练习题2
#给出列表
superheros = [
'Batman',
'Superman',
'Spider-man',
'Iron man',
'Captain America',
'Wonder Woman'
]
strength_levels = (100, 120, 90, 95, 110, 120)
#1.转为series对象(列表)
pd.Series(superheros)
#2.力量值转为series对象
pd.Series(strength_levels)
#3.创建series
heros = pd.Series(
data = strength_levels,
index = superheros
)
heros
#4.
heros.head(2)
#5.
heros.tail(4)
#6.
heros.nunique()
#7.
heros.mean()
#8.
heros.max()
heros.min()
#9.
heros * 2
#10.
dict(heros)
练习题3
import pandas as pd
import datetime as dt
#一周中每天转为星期形式
def day_of_week(day):
return day.strftime('%A')
#战斗最多的一天(列出开始日期)
days_of_war = pd.read_csv(filepath_or_buffer='revolutionary_war.csv',
usecols=['Start Date'],
parse_dates=['Start Date'],
).squeeze(1)
print(type(days_of_war))
print()
days_of_war
#dropna() 方法会删除 Series 中的任何包含 NaN(缺失值)的行
#apply(day_of_week) 会对剩余的每个非空元素应用自定义函数 day_of_week。
#这个操作将把日期转换为相应的星期几,将结果存储在名为 days 的新 Series 中。
days = days_of_war.dropna().apply(day_of_week)
days
#统计不同星期出现的次数
days.value_counts()
练习题4
# 1. 导入nfl.csv,将Birthday转为datetimes
nfl = pd.read_csv('nfl.csv', parse_dates=['Birthday'])
nfl
# 2. 用2种方法将DataFrame的index设置为name
# 第一种方法
nfl = nfl.set_index('Name')
nfl
# 第二种方法
nfl_2 = pd.read_csv('nfl.csv', parse_dates=['Birthday'], index_col='Name')
nfl
# 3. 统计每个队伍的球员数量
nfl['Team'].value_counts()
# 4. 查找工资最高的5个球员
nfl.sort_values(by=['Salary'], ascending=False).head(5)
# 5. 排序
# 先将team按字母顺序排序
# 再将salary按降序排序
nfl.sort_values(by=['Team', 'Salary'], ascending=[True, False])

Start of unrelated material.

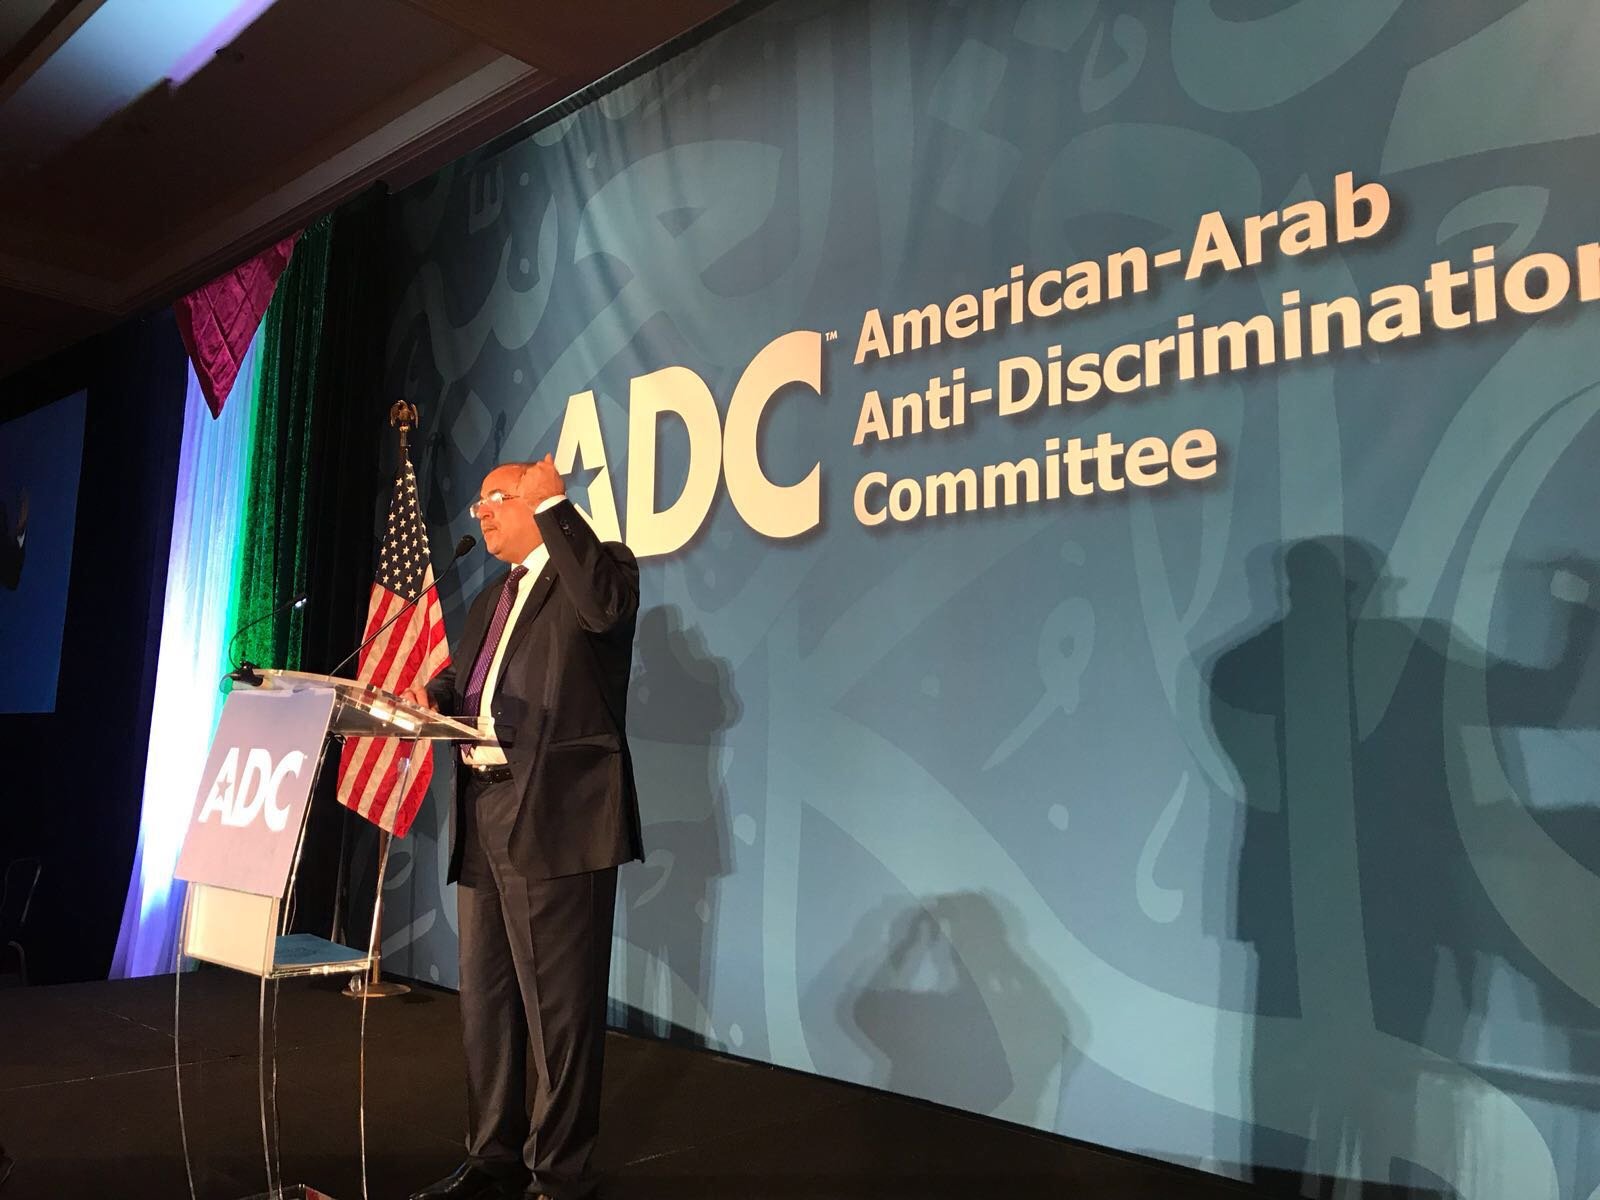 الطيبي يُلقي خطابا في واشنطن خلال مؤتمر اللجنة الأمريكية العربية لمكافحة التمييز-1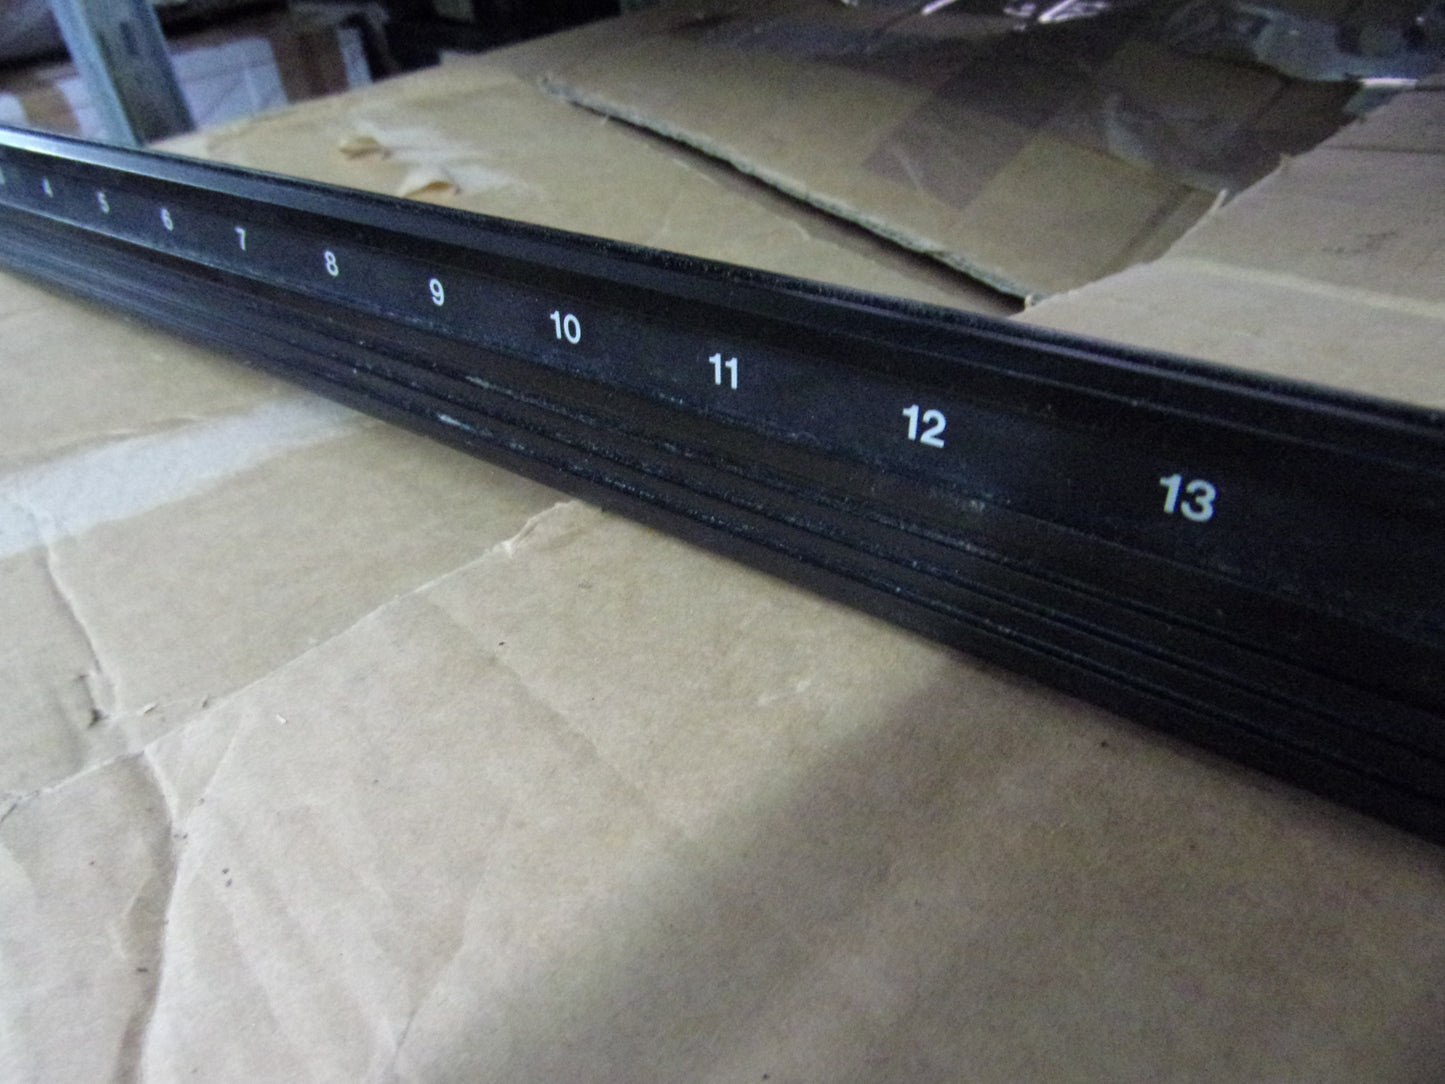 Tascam M-3500 M-3700 front aluminium profile in 2 sizes

# 6. New York Jets roster队中年龄最大的球员是谁,他的生日是什么时候
nfl = nfl.reset_index().set_index('Team')
nfl
nfl.loc['New York Jets']
nfl.loc['New York Jets'].sort_values('Birthday').head(1)
练习题5
# 优化数据集以限制内存使用并最大化效用
netflix = pd.read_csv('netflix.csv', parse_dates=['date_added'])
netflix.info()
netflix.nunique()
netflix['type'] = netflix['type'].astype('category')
netflix.info()
# 找到所有标题为 "Limitless" 的行。
title = netflix['title'] == 'Limitless'
netflix[title]
# 找到所有导演为 "Robert Rodriguez" 且类型为 "Movie" 的行。
director = (netflix['director'] == 'Robert Rodriguez')
typeMovie = netflix['type'] == 'Movie'
netflix[director & typeMovie]
# 找到所有添加日期为 "2019-07-31" 或导演为 "Robert Altman" 的行。
date = netflix['date_added'] == '2019-07-31'
director = netflix['director'] == 'Robert Altman'
netflix[date | director]
# 找到所有导演为 "Orson Welles"、"Aditya Kripalani" 或 "Sam Raimi" 的行
directors = ['Orson Welles', 'Aditya Kripalani', 'Sam Raimi']
target = netflix['director'].isin(directors)
netflix[target]
# 找到所有添加日期在 2019 年 5 月 1 日至 2019 年 6 月 1 日之间的行。
addMovie = netflix['date_added'].between('2019-5-1', '2019-6-1')
netflix[addMovie]
# 删除导演列中包含 NaN 值的所有行。
netflix.dropna(subset = ['director'])
# 确定 Netflix 只在其目录中添加了一部电影的日期。
netflix.drop_duplicates(subset=['date_added'], keep=False)
练习题6
customers = pd.read_csv('customers.csv')
customers
customers['Address'].values
split = customers['Address'].str.split(',' , expand = True)
split
customers[['Street', 'City', 'State', 'Zip']] = split
customers = customers.drop(labels='Address', axis='columns')
customers
练习题8
car = pd.read_csv('used_cars.csv')
car
min_wage = pd.read_csv('minimum_wage.csv')
min_wage.head()
#1.
car.pivot_table(
values = 'Price',
index = 'Fuel',
aggfunc = 'sum'
)
#2.
car.pivot_table(
values = 'Price',
index = 'Manufacturer',
columns = 'Transmission',
aggfunc = 'count',
margins = True,
margins_name = 'Total'
)
#3.
car.pivot_table(
values = 'Price',
index = ['Year','Fuel'],
columns = 'Transmission',
aggfunc = 'mean'
)
#4.
c1 = car.pivot_table(
values = 'Price',
index = ['Year','Fuel'],
columns = 'Transmission',
aggfunc = 'mean'
)
c1.stack()
#5.
year = ['2010','2011','2012','2013','2014','2015','2016','2017']
min_wage.melt(id_vars = 'State',var_name = 'Year',value_name = 'wage')